This project contains Google Cloud Functions that streams data from Firestore to BigQuery in real-time. It also includes utility functions to manage tables and table schemas in BigQuery using command lines.
- Real-time synchronization of Firestore changes to a buffer dataset in BigQuery.
- Batched updates to target tables in BigQuery at defined intervals (e.g. every 30 minutes).
- Error handling and logging for BigQuery operations.
localRun.js
can run directly, or accept arguments from command line, to use local utility functions for manual managing Firestore and BigQuery data.
- A Google Cloud project with Firestore and BigQuery enabled.

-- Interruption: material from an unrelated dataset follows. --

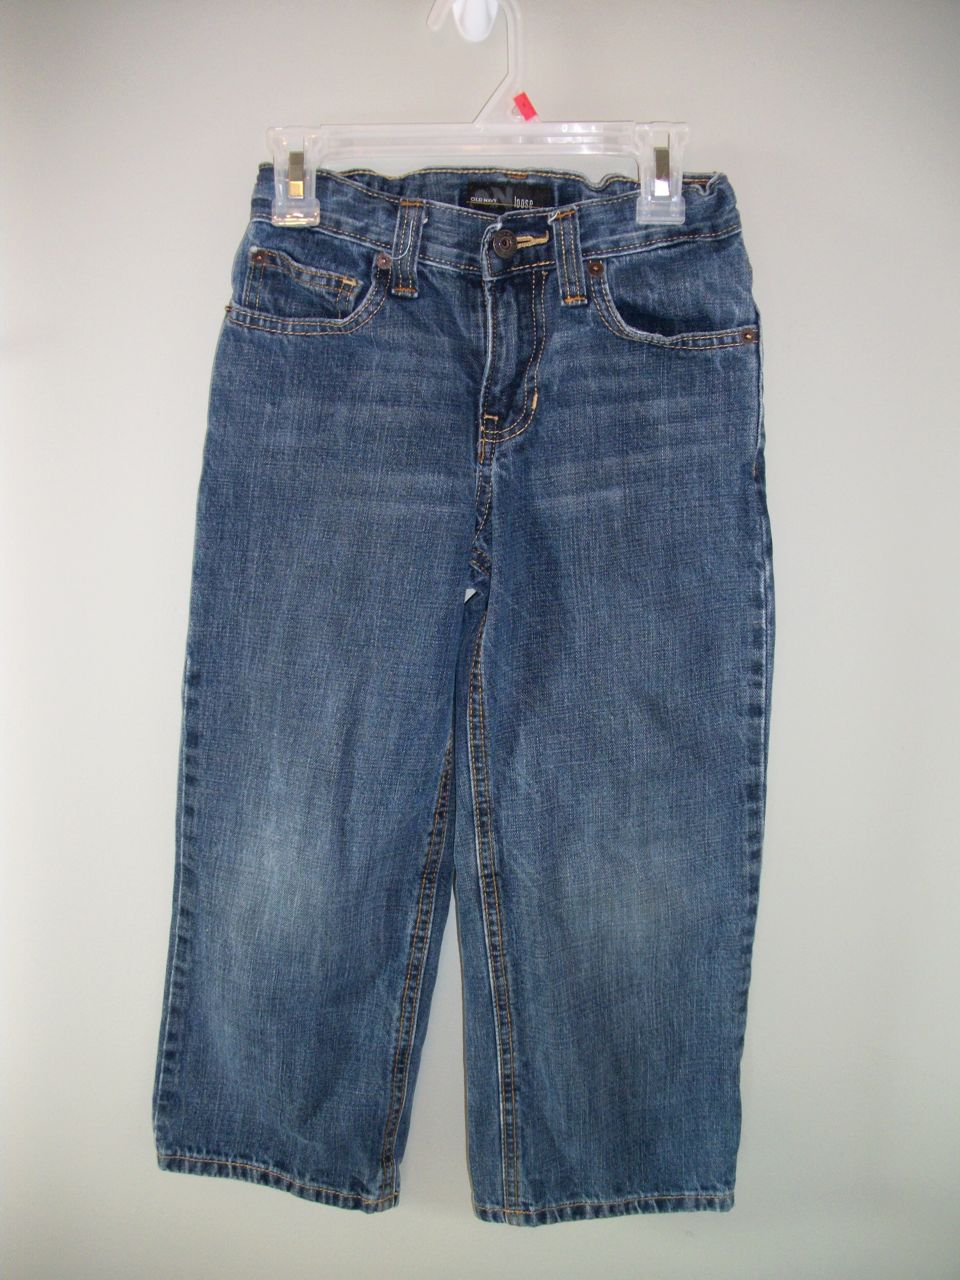 Virtual Yard Sale: BOYS Size 6 Blue Jeans

- Node.js and npm installed locally.
- The
gcloud
CLI installed and authenticated.
git clone https://github.com/episphere/stream-Firestore-to-BigQuery.git
cd stream-Firestore-to-BigQuery
npm install
Check the settings.js
file for any necessary configurations, such as target dataset name, buffer dataset name, error and warning table names, collection names to be tracked.
Check the tableSchemas.js
file for the schemas of the target tables. Adjust the schemas as needed.
Create buffer tables for an environment (e.g. dev, prod). Defined dataset name and table schemas are used in this step.
node localRun.js --entry createAllBufferTables --gcloud --env dev
Create target tables for an environment (e.g. dev, prod)
node localRun.js --entry createAllTargetTables --gcloud --env dev
Create error and warning tables for an environment (e.g. dev, prod)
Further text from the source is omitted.